On the crucial matter of moral principle, the conventional liberal wisdom is right: The ban is parochial and un-American and will deal a massive injustice to hundreds of genuine asylum-seekers fleeing war and genocide. But the argument that it will aid ISIS recruitment just doesn’t stand up to scrutiny.
First, it contains a contemptible implication about Muslims: namely, that they’re not thinking, reasoning individuals capable of agency, but mere vessels of feeling in a larger geopolitical game between America and the jihadists. From within this dehumanizing perspective, your average Muslim doesn’t do anything, and he or she certainly doesn’t make things happen. Rather, things are done or happen to them; they are “pushed” or “driven” to extremes by forces beyond their control. They are “inflamed,” “provoked,” “humiliated.” They are, in other words, a negative emotion waiting to happen. The former Islamist and writer Maajid Nawaz calls this “the racism of lowered expectations.” No doubt many Muslims oppose the ban, but the idea that some of the more “vulnerable” among them—to use the Countering Violent Extremism (CVE) buzzword—will want to wreak murderous vengeance for it against their fellow Americans is dangerous.
Second, and connectedly, it posits an overly simplistic understanding of jihadist radicalization, linking this exclusively to grievances over domestic and foreign policy. But everything we know about radicalization and terrorism suggests that it is far more complex than this and cannot be reduced to secular political grievances. Of course these grievances cannot be discounted and are, as Peter Bergen has convincingly concluded in his research on American jihadists, complexly and confusingly mixed with a range of other motives, including religious and personal ones. But it is profoundly misleading to prioritize these above all others in an effort, however understandable, to amplify the idiocy of Trump’s travel ban.
Third, it displays a thundering insensitivity to the ironical and contradictory aspect of the whole ban trainwreck. Trump’s ban, argue his critics, has indirectly gifted ISIS propagandists. The main piece of evidence cited for this claim is that a small number of anonymous ISIS fanboys have cited the ban as evidence for the “true” face of an anti-Islamic America. Writing in The Atlantic, the analyst Charlie Winter suggests the possibility that ISIS—at some point—may incorporate the ban as a rallying-theme into its “narrative of victimhood,” even though ISIS has hitherto preferred the register of victory over victimhood, and in spite of the fact that the actual victims of the ban are regarded by ISIS as apostates fit for slaughter.
Far from “gifting” ISIS, what the ban has in fact given it is a poisoned chalice.

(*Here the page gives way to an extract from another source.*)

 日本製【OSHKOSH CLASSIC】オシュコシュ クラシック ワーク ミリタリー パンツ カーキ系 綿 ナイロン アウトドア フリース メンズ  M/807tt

In America, it has generated a raft of critical commentary from leading politicians, and it has provoked a wave of vociferous protests in major cities that has brought Muslims and non-Muslims together in solidarity. What the ban has done, paradoxically, is solidify the gray zone against which ISIS is fighting. It has revealed not a satanic American face but a pacific and liberal one. As the Lebanese satirist Karl Sharro joked on Twitter, “Trump didn’t think this through. Now there are Friday protests in the US.” This was captioned above a news report with the headline “Detroit Protesters Laid Down Their Protest Signs So Muslims Could Pray.” However ISIS’s leadership decides to spin these displays of solidarity, it is hard to imagine that such symbolically powerful advertisements for the “gray zone” will be greeted with hand-rubbing glee.